あぁ、やはり、ヨルの言う通りだったかもしれない。さすがに、想いのままに口を開き過ぎた。

 

 最近は、ヨルが隣に居れば、村の若い奴らとは普通に話せていたので、俺はあらぬ勘違いをしてしまっていたようだ。

変わり者の俺の言葉なんて、ヨルにしか理解して貰えない。こんな当たり前の事すら、俺はすっかり忘れてしまっていた。皆、ヨルが傍に居たから、俺とまともに会話をしてくれていただけだったのに。

 

そう思うと、俺は少しばかり恥ずかしい気持ちになった。

 

『オポジット、今のは……』

 

 俺が、恥じ入る腹の中のスルーを宥めながら、一応オポジットに対して言葉を撤回しておこうと口を開いた時だ。

 

『そうかもな』

『へ?』

 

 思いも寄らぬ返事が、オポジットの口から洩れた。一瞬、俺は聞き間違いだろうと、オポジットの顔を凝視した。すると、オポジットは俺の方を見下ろしながら、再度、深く頷いた。

 

『お前の言う通りだと思うよ。アイツらは、きっと暇なんだな』

『……オポジット』

 

 オポジットの言葉に、俺は後ろから思い切り背中を叩かれたような衝撃を受けてしまった。

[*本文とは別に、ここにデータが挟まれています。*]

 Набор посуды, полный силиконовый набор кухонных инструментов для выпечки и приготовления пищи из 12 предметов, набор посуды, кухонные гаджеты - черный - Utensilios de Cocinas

びっくりだ。あぁ、ビックリした。俺はあまりにも驚き過ぎて、ゴクリと音を立てて口の中にある唾液を飲み下した。俺の言葉に、同意してくれる人が、ヨルと家族以外に居るとは思っていなかった。

 

 もしかしたら、“今の”オポジットなら――。

 

『なぁ、オポジット。一つ、頼みたい事があるんだ』

『なんだ』

 

 俺は右手で胸をソッと抑えた。ドキドキする。これはヨルに対してするドキドキとは違うが、これはこれで非常に愉快なドキドキだ。

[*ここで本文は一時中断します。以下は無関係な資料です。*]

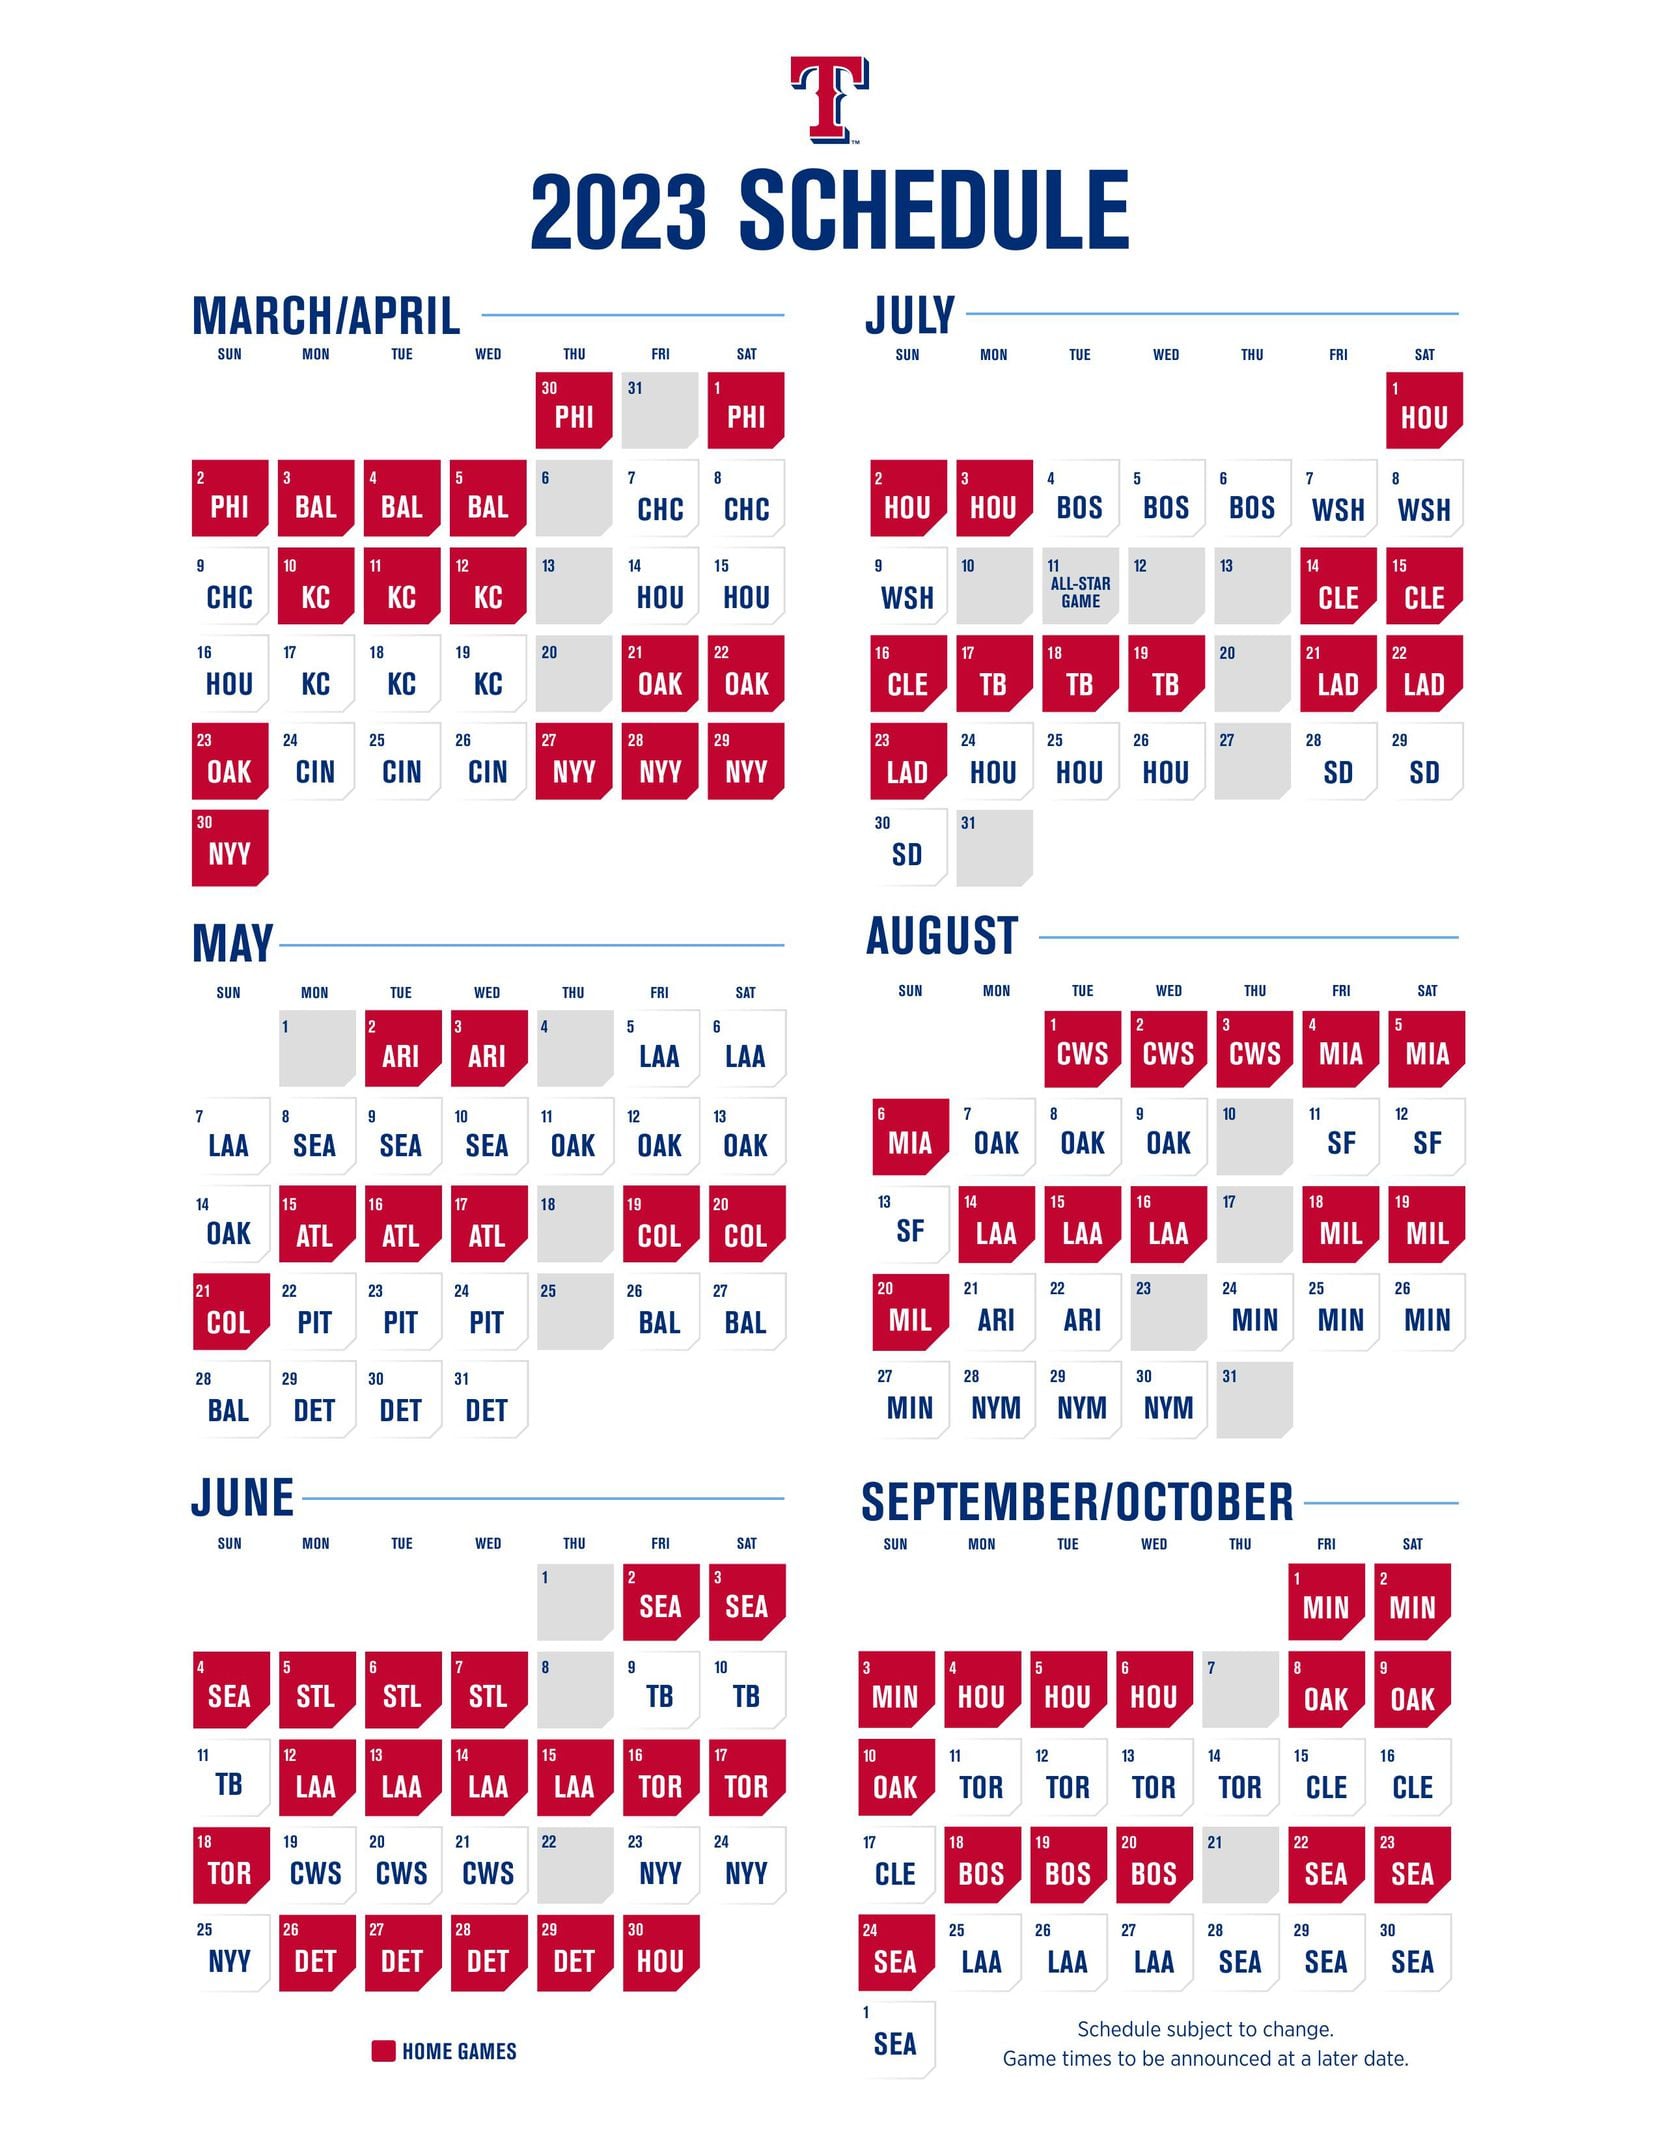 2023 Texas Rangers regularseason schedule released Opening day vs

これは、きっと“期待”というヤツだと思う。俺はそんなモノを他人に対して久しく抱いた事はなかったので、本当の、本当におかしな気分だ。

 

『お前から、フロムに頼んで欲しいんだ』

『フロムに?何をだ』

『ニアを守ってくれと伝えてくれ。決して一人にしないように、と』

『……どういう事だ』

 

 オポジットの眉間に皺が寄る。あぁ、これはヨルと違って全然素敵じゃない。眉間の皺はヨルだから似合うのだ。オポジットは、眉間に皺など似合わない。カラッとしてこそのオポジットだ。

 

『村長が、いや、親父が……俺を余り良く思っていないのは知っているな?』

『まぁ、そう……だな』

 

 オポジットの目が少しだけ細められる。

オポジットが、どこまで俺の家の事情を把握しているかは知らない。この世代は、上から与えられる話が、酷く曖昧な世代なのだ。特に、俺の本当の父親についての話は、誰一人として口を開いてはくれなかった。

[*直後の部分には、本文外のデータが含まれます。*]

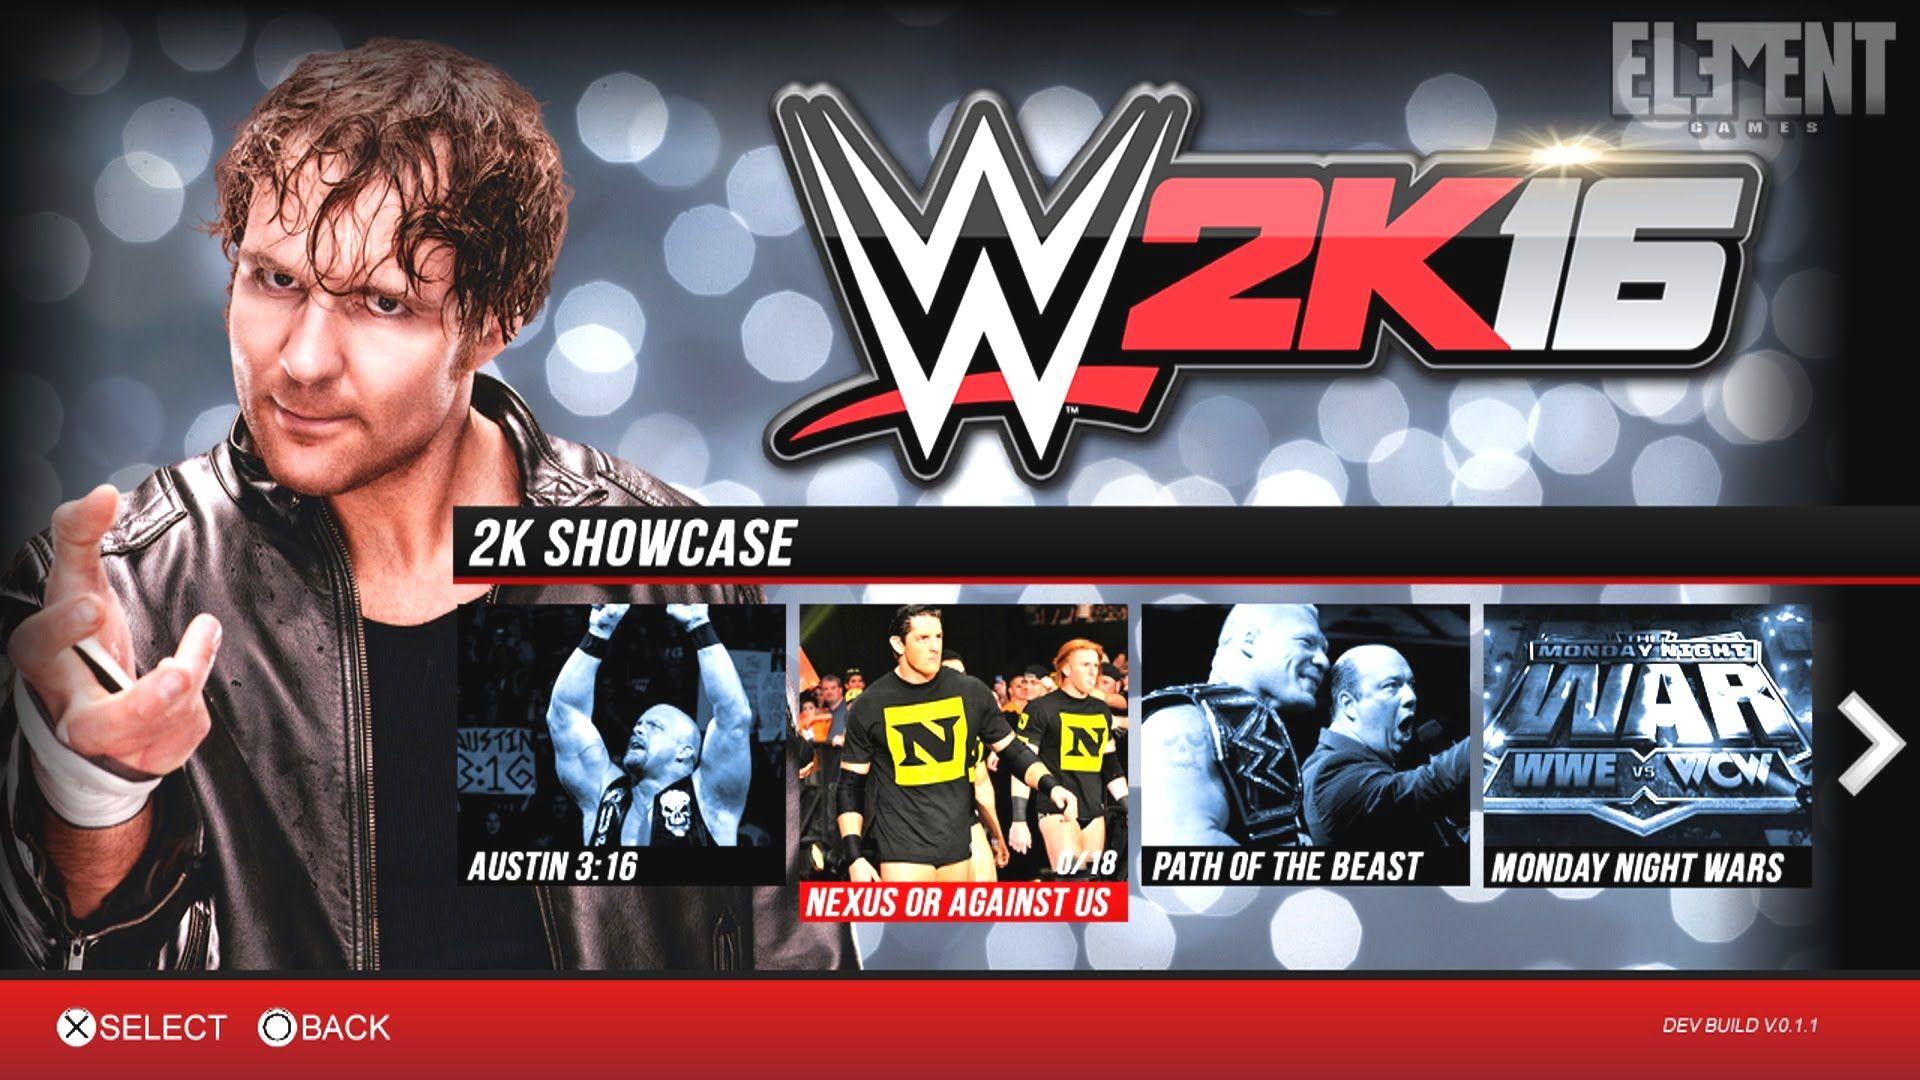 WWE 2K16 2K Showcase or Against us / Path of the Beast WWE

ただ、ハッキリと言われていたのは『変わり者のスルーには、近づくな。頭がおかしくなるぞ』という、親から子らへ伝えられていた、俺への言われのない誹謗だけだ。

 

 きっと、そのどちらも、あの親父がそうさせていたのだろう。

 

『ヴァーサスが死んで、あの老いぼれが、俺に手を出してくるかもしれない。俺は村長なんてどうでもいいが、アイツにとってはそうじゃないからな』

 

 オポジットは察しの悪いヤツではない。その場の状況を敢えて読まずに発言したり、大胆な行動が目立つせいで、一見考え無しの無鉄砲だと思われがちだが、実際はそうではないのだ。

 オポジット程、周囲を見て自然と立ち回れるヤツを、俺はこの村で他に知らない。

 夕まぐれが来た時の婚姻の宴で、何も言わずに俺のやらんとする事を察してくれたのも、このオポジットだけだった。

 

『お前……それは、あんまり考え過ぎじゃないか?』

『取り越し苦労なら、それでいい。ただ、あの老いぼれは、もう力じゃ俺には敵わん。だとすれば、弱いヤツを狙う』

『さすがに、子供を狙うような卑怯な真似は……』

『オポジット。弱い者から狙っていくというのは……野生の世界では、べつに卑怯な事ではないだろう?』

 

 俺の言葉に、オポジットは一瞬だけ目を大きく見開くと、一拍の呼吸の後『そうだな』と頷いた。卑怯なんて言葉は、理性ある人間の使う言葉だ。

 理性を失った“獣”には、そんな理屈は通用しない。

 

『わかった。フロムには、こう、どうにか上手い事を言って、ニアから離れさせないようにしよう。フロムは喜ぶだろうが、ニアが……嫌がるかもしれないな』

 

 そう、どこか苦々し気に口にするオポジットの表情に、俺は思わず笑ってしまった。確かにそうだ。フロムは言われずともニアの傍へと寄っていく所があるが、ニアの方が逃げ出しそうだ。

 

『ははっ、その通りかもな』

 

あぁ、先程までの不安が、大分楽になった。人を頼り、気持ちを吐露できるというのは、なかなかに凄い力を持つ事なのだと、俺はこの時改めて思った。

 

『そこは、フロムの手腕に任せよう。なにせ、フロムはニアの将来の夫なんだからな』

 

 これまでとは違い、どこかアッサリと口に出来たその言葉に、俺の胸はなんだか清々しい風が吹いたような気分だった。まぁ、いいか。フロムはきっと良い男になる。父親を見ていれば、わかる事だ。

 

『スルー、お前』

 

そんな俺に、オポジットはなんだか驚いたように目を瞬かせると、半笑いの表情で俺に言った。

 

『お前、やっと子離れしたみたいだな』

———-ザンのおかげか?

 

 あぁ、そうだ。困ったことにやっぱりオポジットは、野蛮な癖に勘だけは鋭いんだ。